GIVEN MATERIAL:
BEGIN
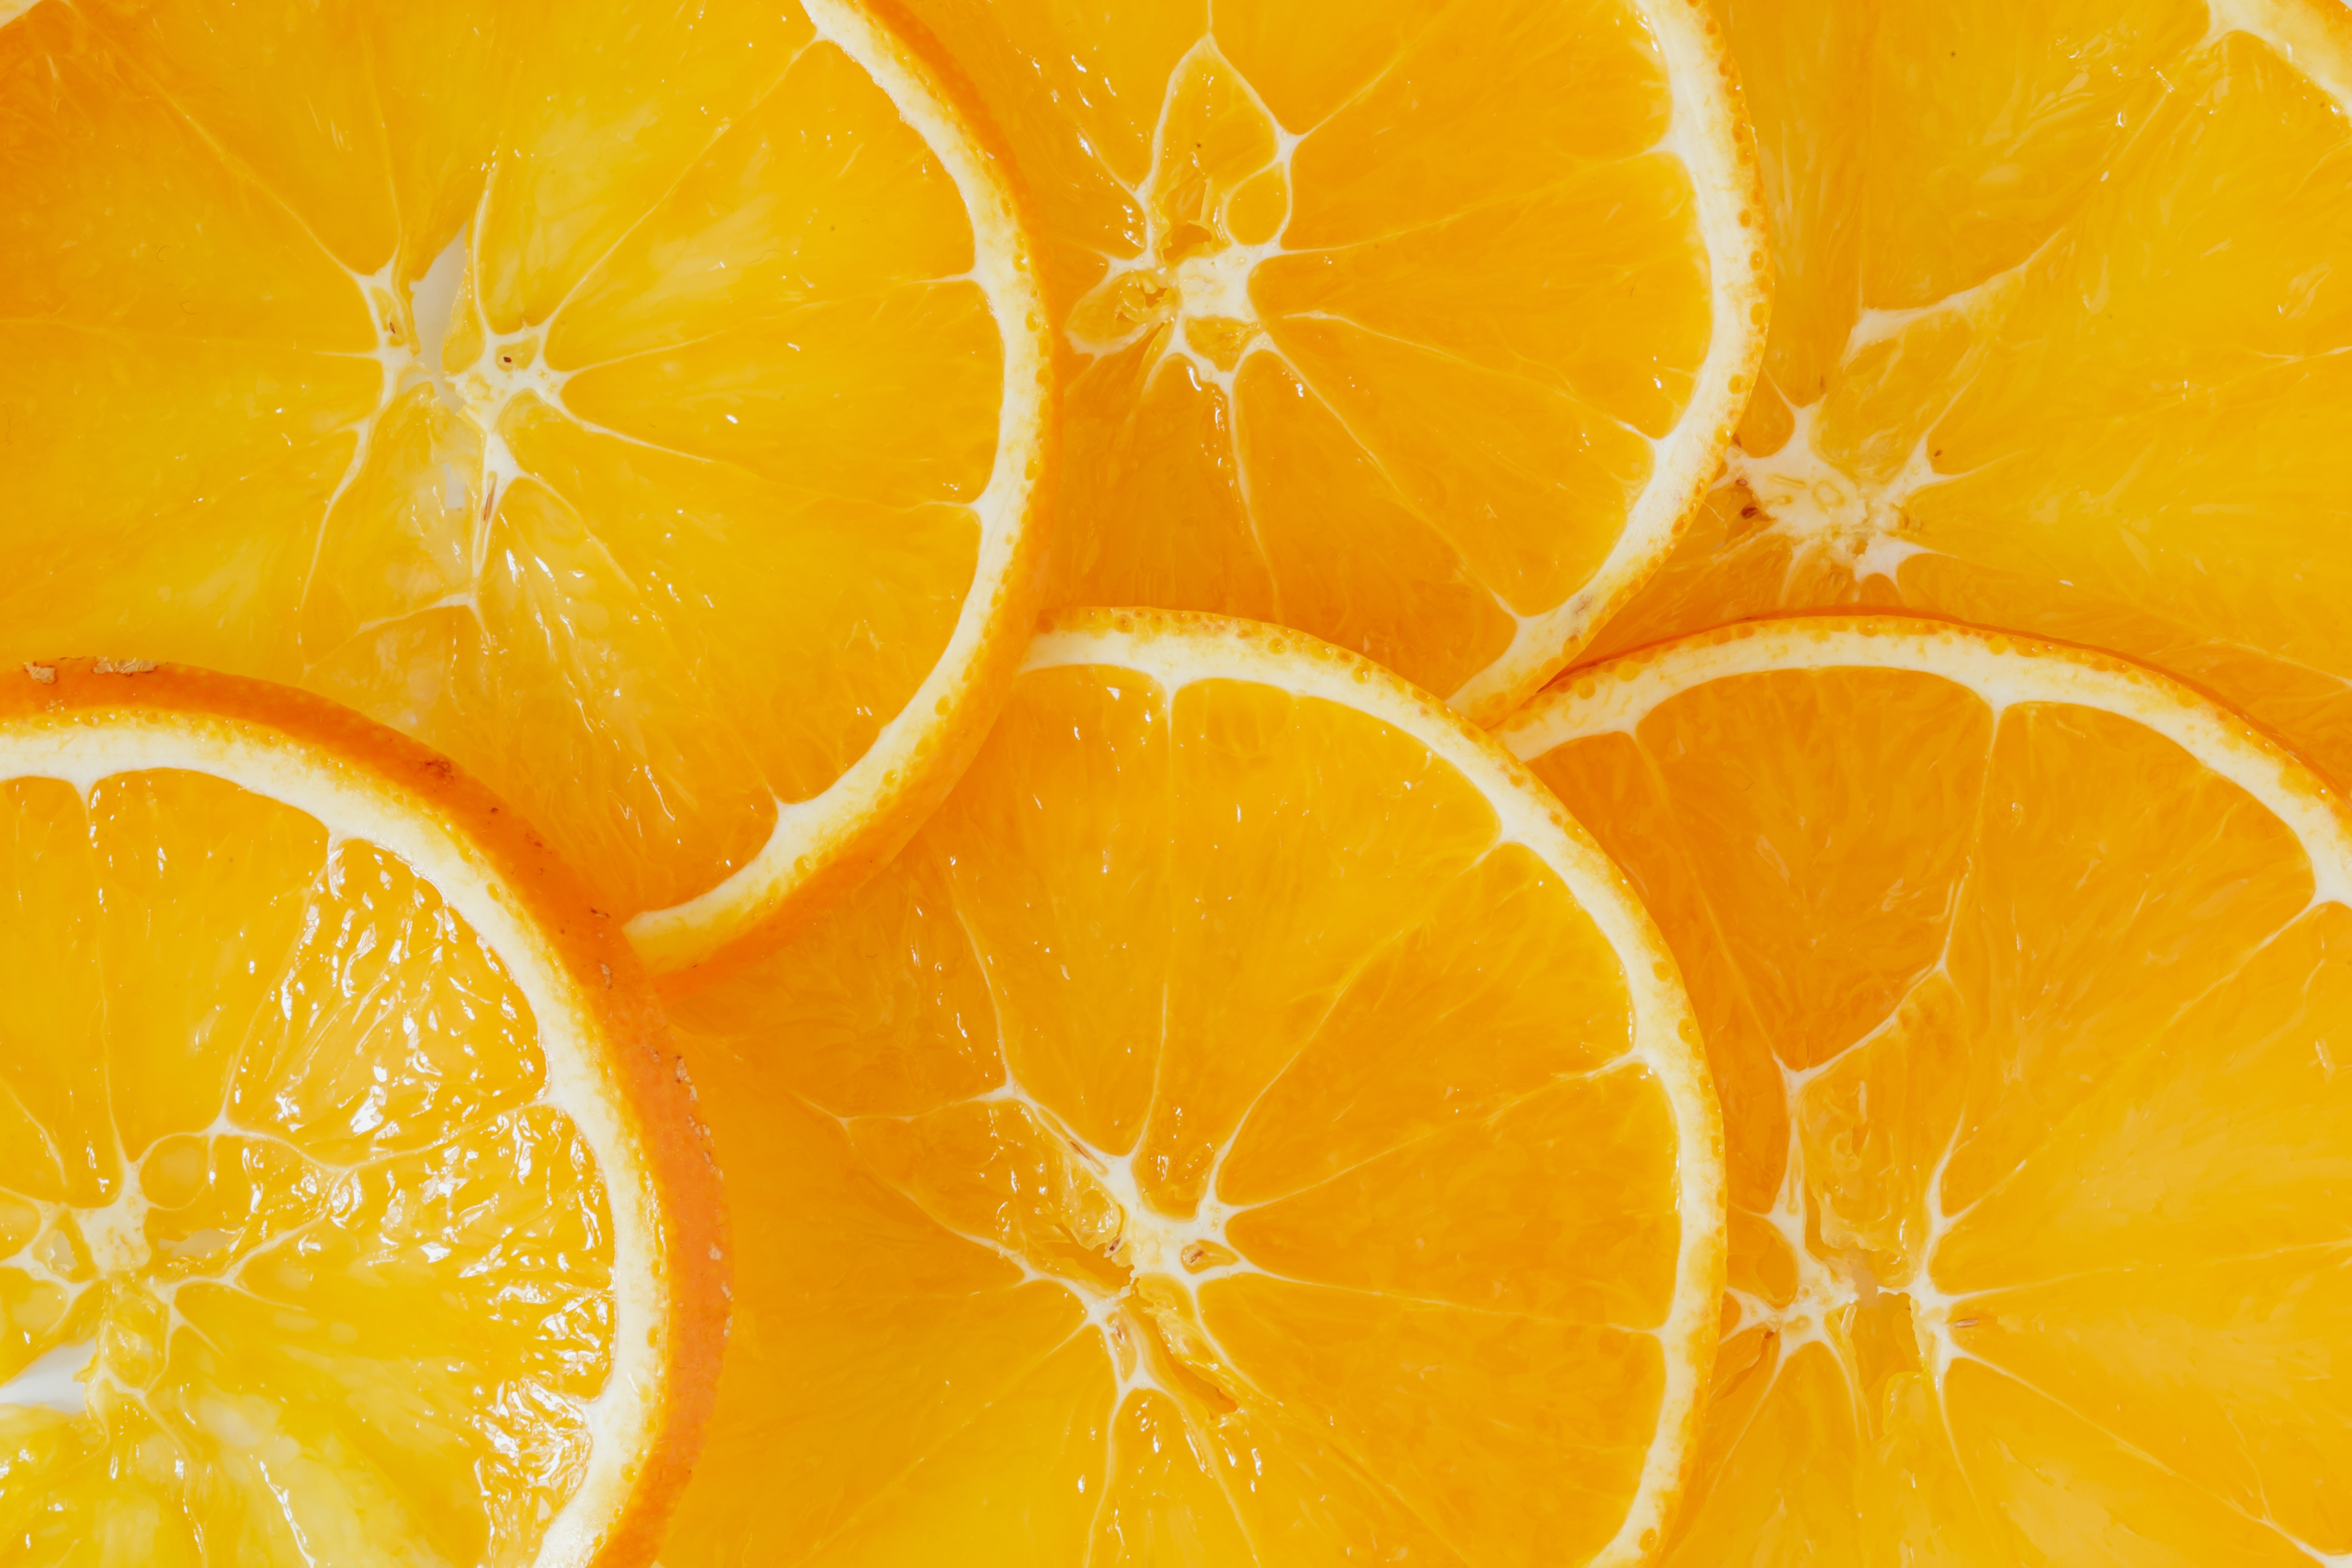 consume orange juice, high fiber fruits
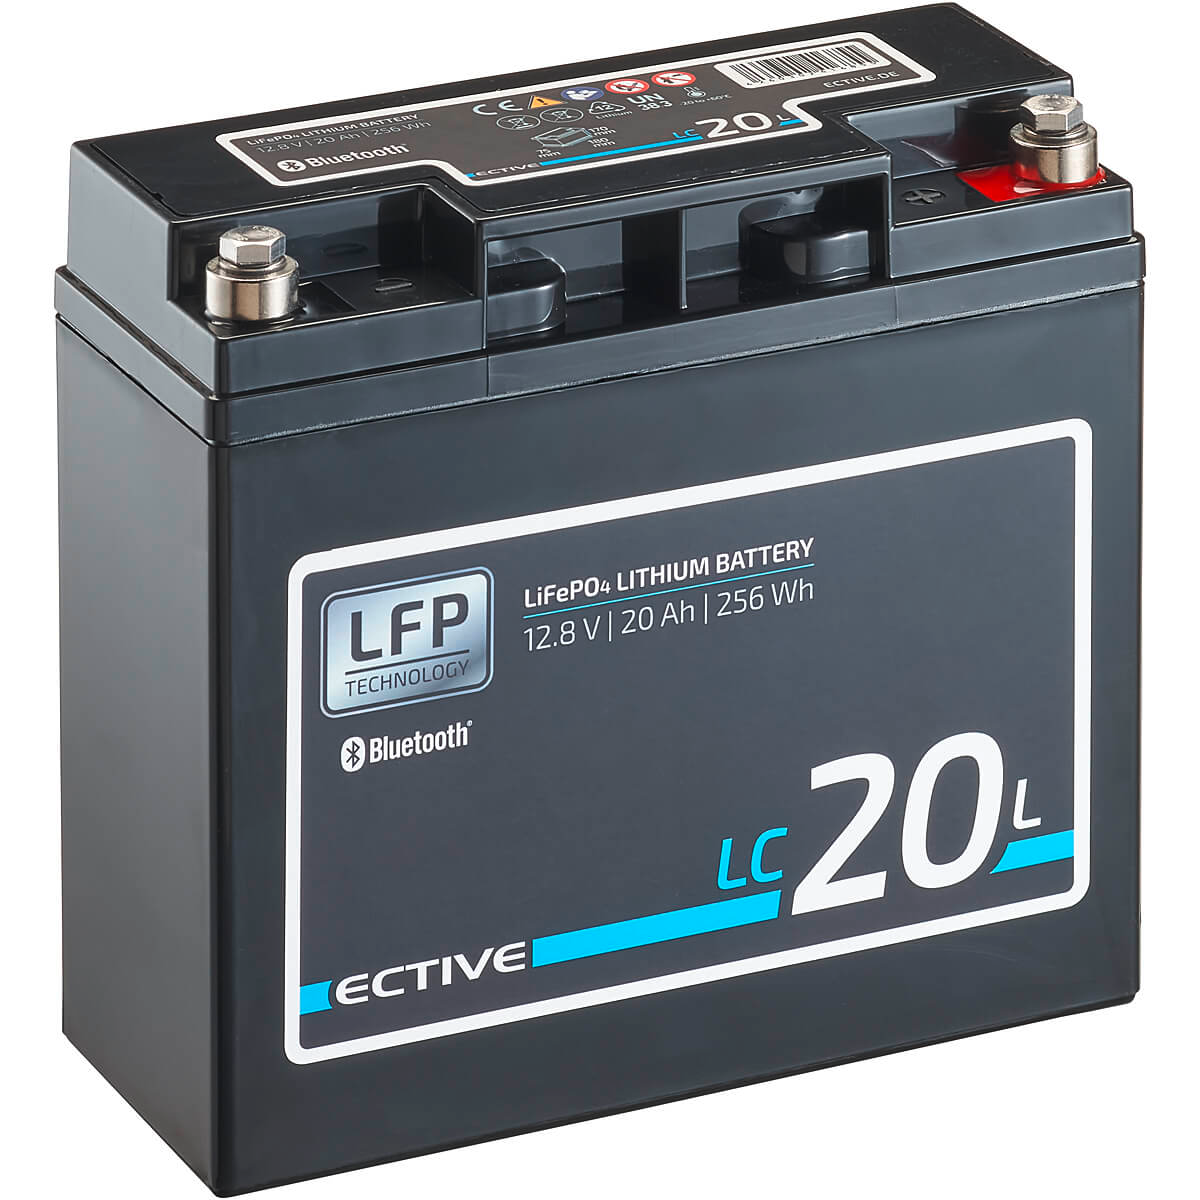 Enduro Batterie lithium-ion LI1230 12 V / 30 Ah - Accessoires de camping  Berger Camping
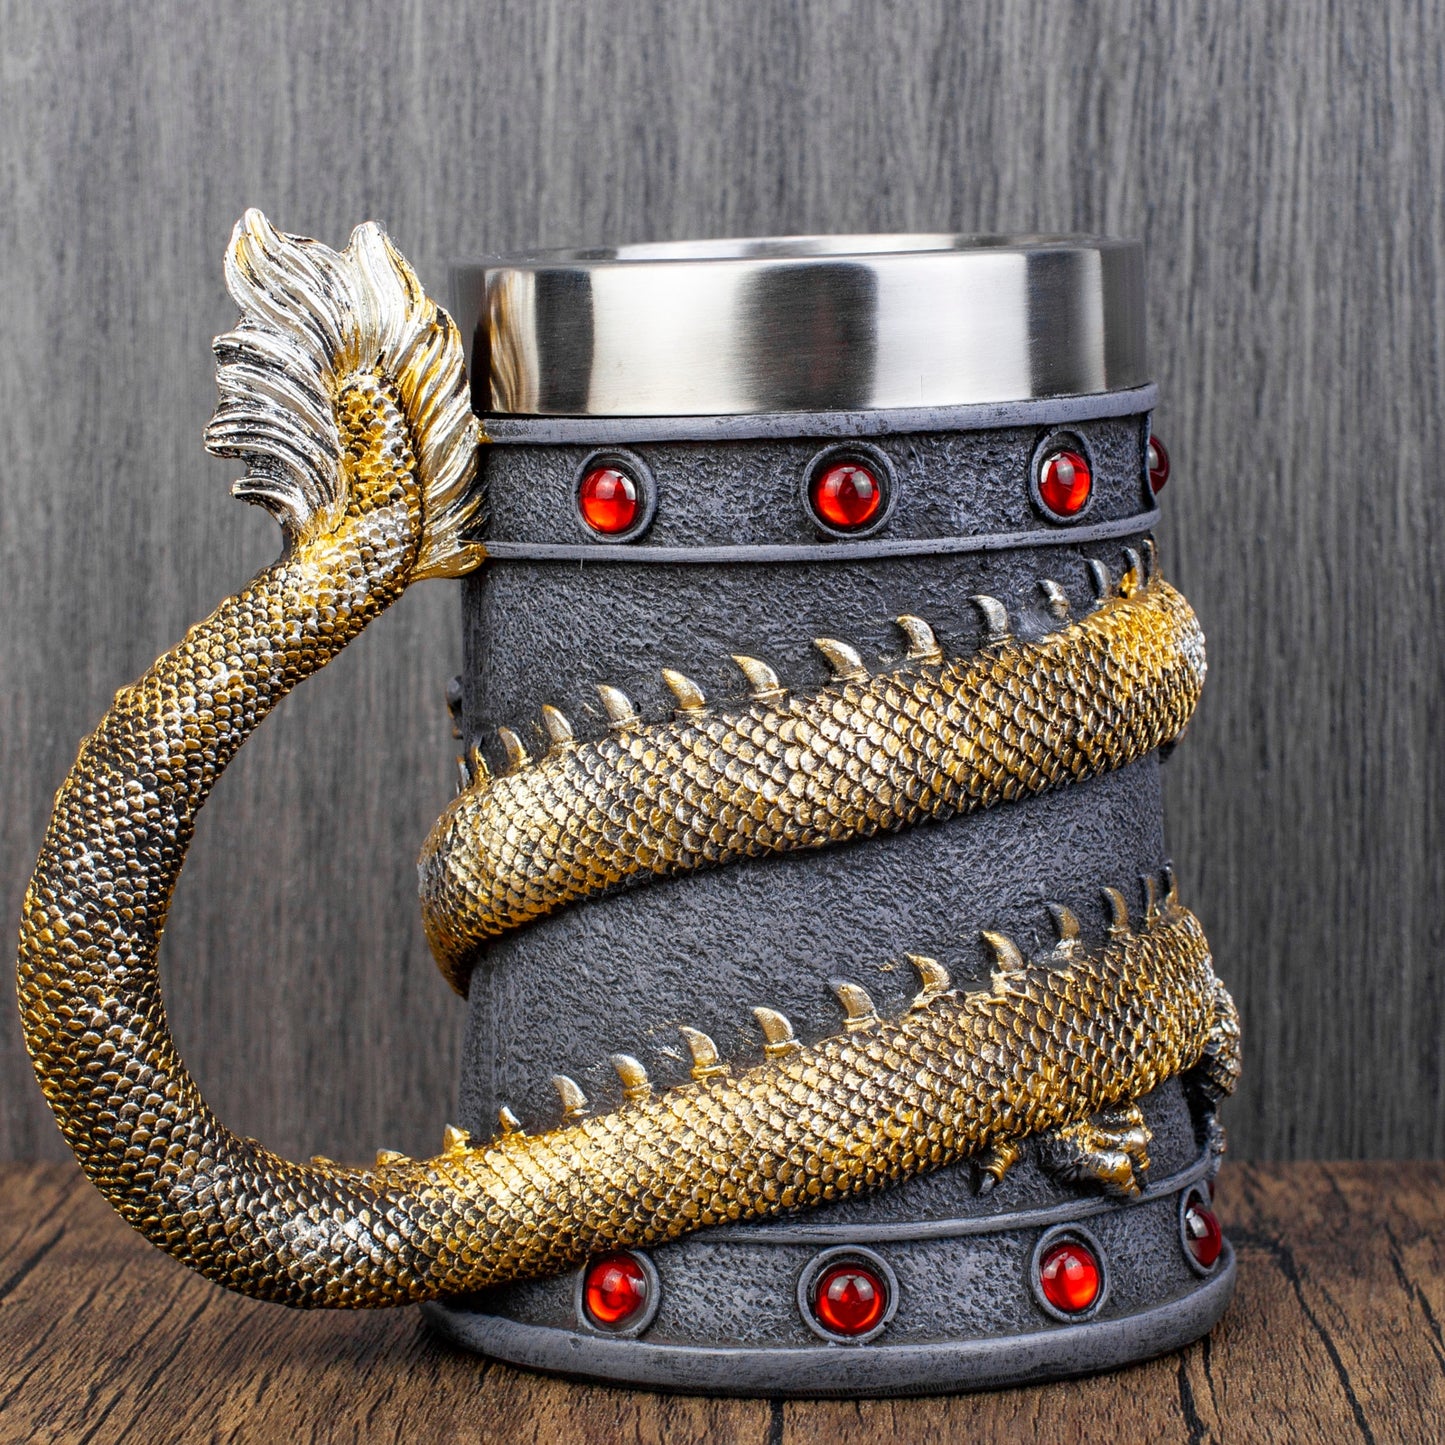 Mighty dragon tankard mug in gold color
END
WHAT YOU NEED TO DO: Print the lines from the line containing "Enduro Batterie lithium-ion" through the last line of the listing, exactly as they stand, and leave any pictures out.

TASK RESPONSE:
 Enduro Batterie lithium-ion LI1230 12 V / 30 Ah - Accessoires de camping  Berger Camping
 Mighty dragon tankard mug in gold color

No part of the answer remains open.